Exercise aim: Transcribe the whole listing exactly, but do not carry over its pictures.

***** Dataset section

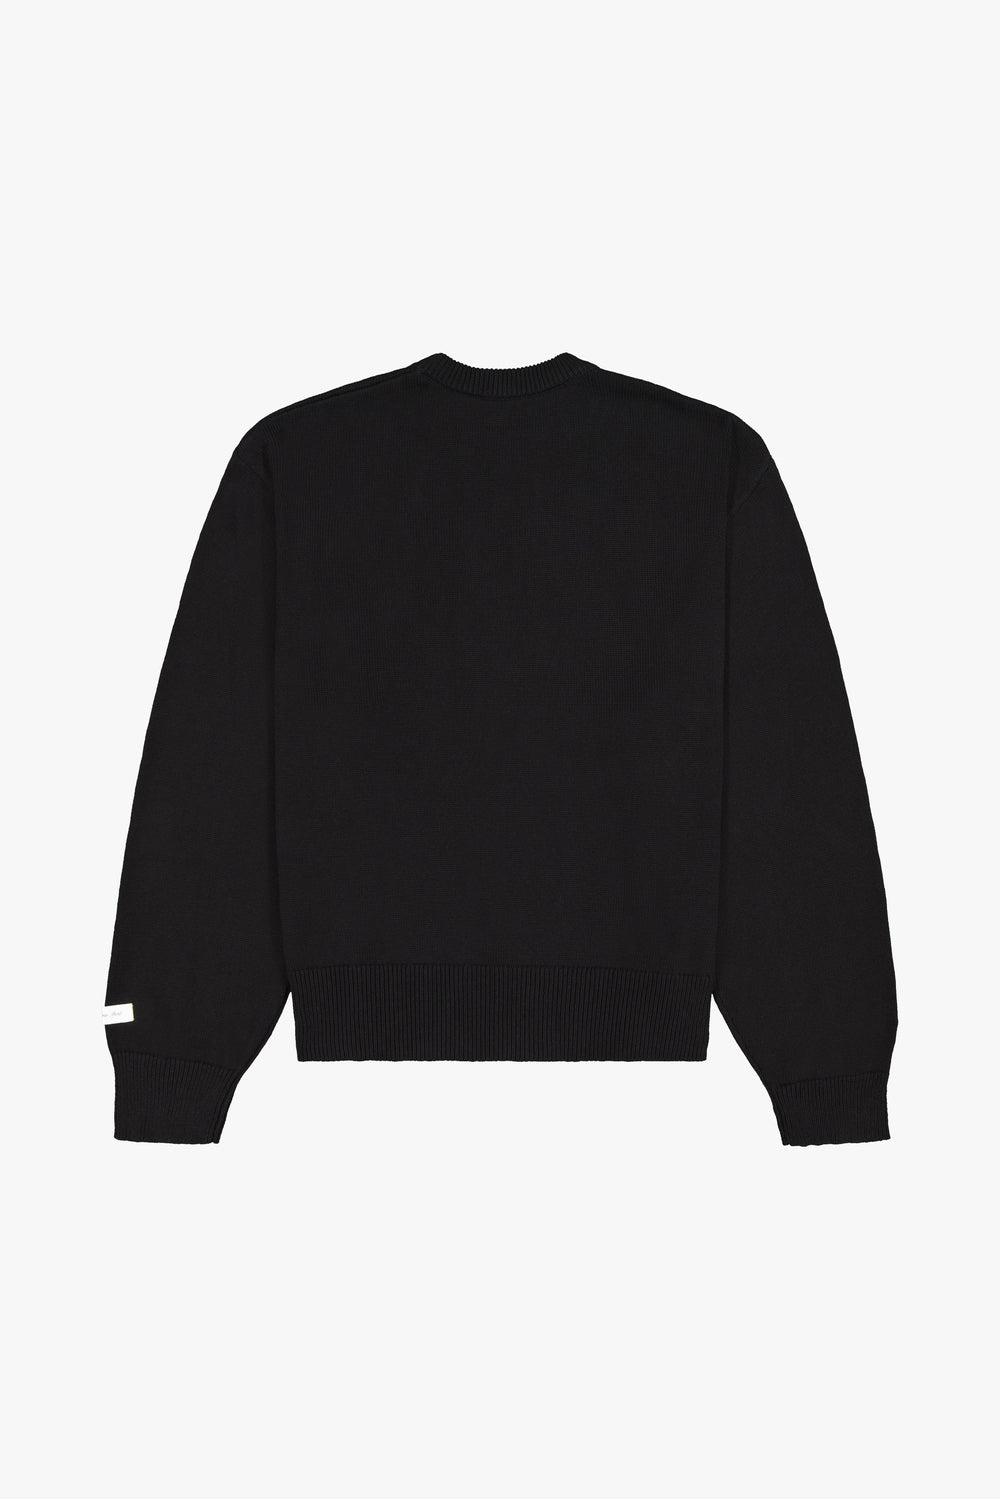 CONTRAST KNIT BLACK / WHITE | PORTER JAMES SPORTS | Mad About The Boy
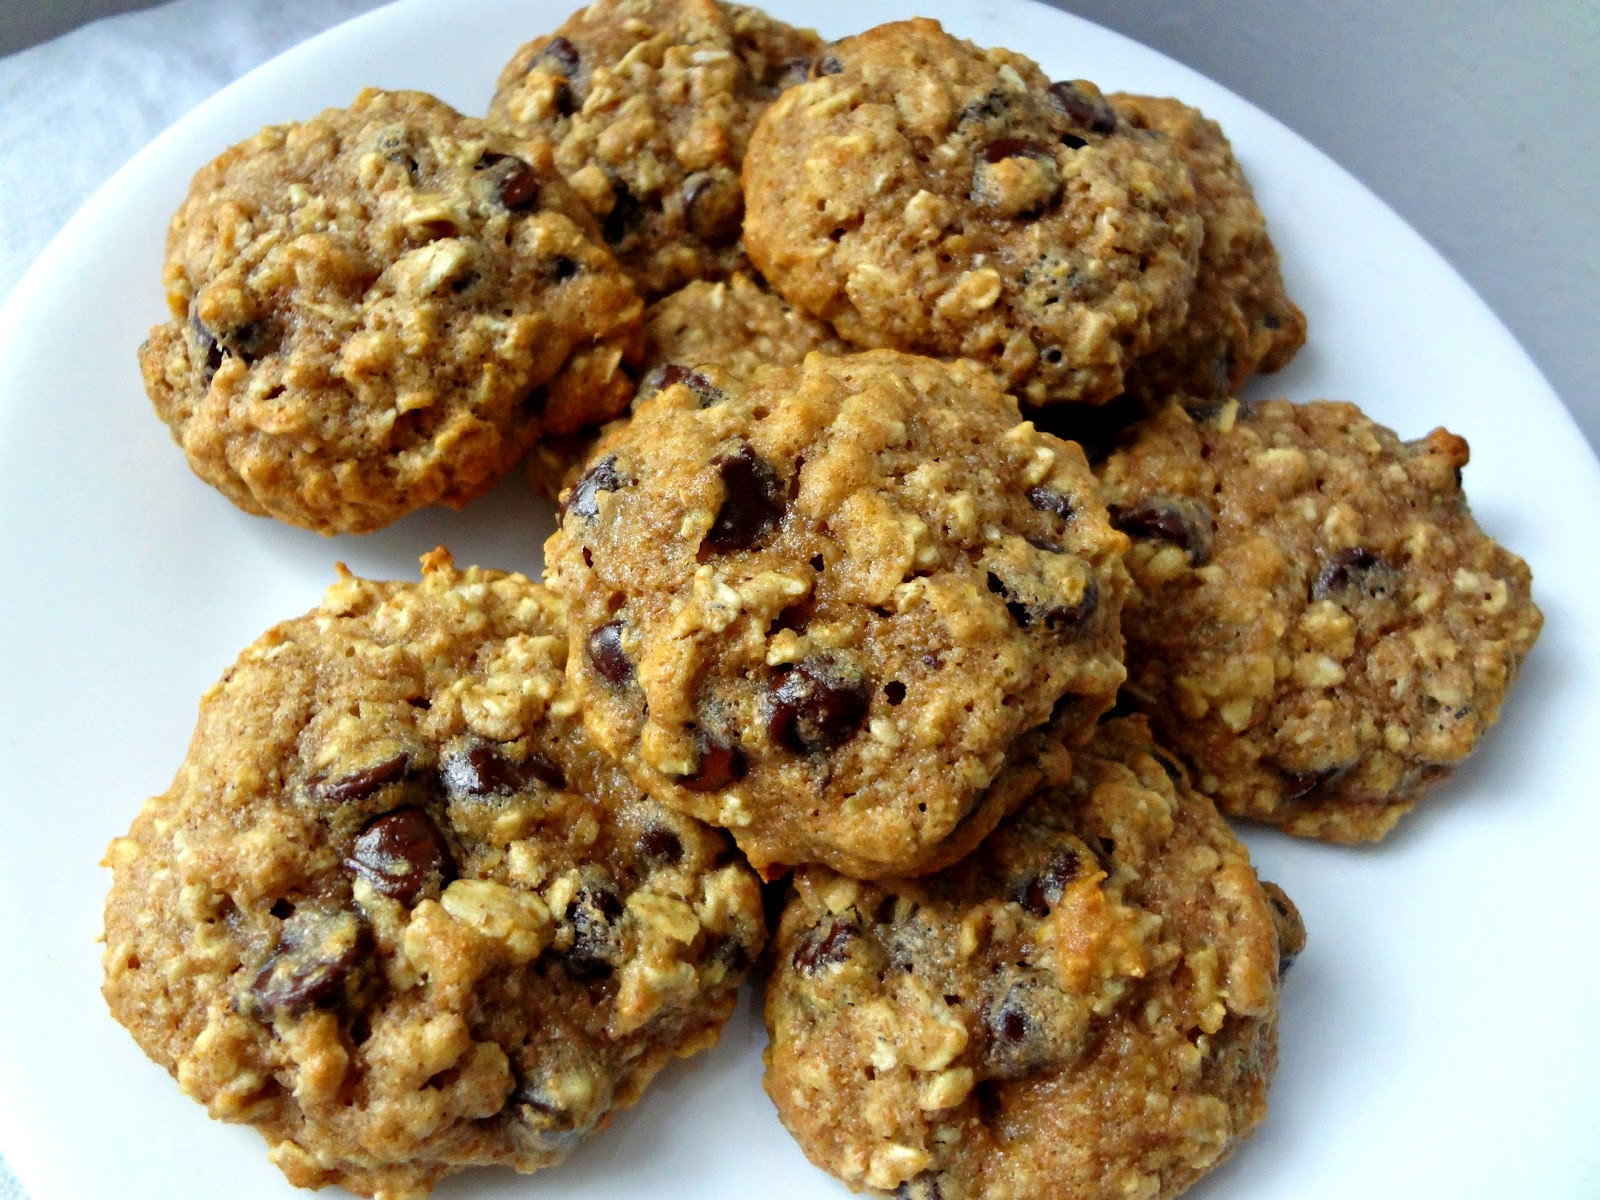 Chocolate Chip Oatmeal Cookies Healthy
 The Cooking Actress Healthy Oatmeal Chocolate Chip Cookies

**********

Output of the task:
 CONTRAST KNIT BLACK / WHITE | PORTER JAMES SPORTS | Mad About The Boy
 Chocolate Chip Oatmeal Cookies Healthy
 The Cooking Actress Healthy Oatmeal Chocolate Chip Cookies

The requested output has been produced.